§ **ASSIGNMENT**:
Which lines of the data contain the string "with"? Show each of them.

§ **MATERIAL TO PROCESS**:

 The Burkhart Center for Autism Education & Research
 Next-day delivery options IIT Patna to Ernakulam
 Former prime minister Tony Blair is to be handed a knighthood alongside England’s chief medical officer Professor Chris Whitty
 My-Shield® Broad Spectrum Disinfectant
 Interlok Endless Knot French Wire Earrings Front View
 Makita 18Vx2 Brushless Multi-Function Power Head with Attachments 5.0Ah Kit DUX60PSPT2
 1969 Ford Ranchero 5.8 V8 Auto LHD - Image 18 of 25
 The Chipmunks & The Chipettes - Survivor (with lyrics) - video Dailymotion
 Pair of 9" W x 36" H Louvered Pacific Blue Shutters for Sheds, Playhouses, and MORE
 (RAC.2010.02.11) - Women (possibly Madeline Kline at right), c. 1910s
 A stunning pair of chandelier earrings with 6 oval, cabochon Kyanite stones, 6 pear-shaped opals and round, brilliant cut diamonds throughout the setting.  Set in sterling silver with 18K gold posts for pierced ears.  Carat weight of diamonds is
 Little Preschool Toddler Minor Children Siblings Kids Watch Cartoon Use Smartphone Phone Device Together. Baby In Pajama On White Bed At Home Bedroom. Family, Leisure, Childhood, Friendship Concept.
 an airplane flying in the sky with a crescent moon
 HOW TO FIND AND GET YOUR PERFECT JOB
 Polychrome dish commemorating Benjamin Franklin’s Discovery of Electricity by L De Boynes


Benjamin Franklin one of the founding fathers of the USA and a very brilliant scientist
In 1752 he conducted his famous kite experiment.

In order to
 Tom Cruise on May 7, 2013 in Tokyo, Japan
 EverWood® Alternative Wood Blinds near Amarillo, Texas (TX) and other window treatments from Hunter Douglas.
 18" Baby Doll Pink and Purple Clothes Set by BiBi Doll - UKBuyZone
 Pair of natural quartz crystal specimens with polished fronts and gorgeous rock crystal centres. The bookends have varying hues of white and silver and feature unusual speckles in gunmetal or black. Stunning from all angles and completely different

§ **RESULT OF THIS TASK**:
 Makita 18Vx2 Brushless Multi-Function Power Head with Attachments 5.0Ah Kit DUX60PSPT2
 The Chipmunks & The Chipettes - Survivor (with lyrics) - video Dailymotion
 A stunning pair of chandelier earrings with 6 oval, cabochon Kyanite stones, 6 pear-shaped opals and round, brilliant cut diamonds throughout the setting.  Set in sterling silver with 18K gold posts for pierced ears.  Carat weight of diamonds is
 an airplane flying in the sky with a crescent moon
 Pair of natural quartz crystal specimens with polished fronts and gorgeous rock crystal centres. The bookends have varying hues of white and silver and feature unusual speckles in gunmetal or black. Stunning from all angles and completely different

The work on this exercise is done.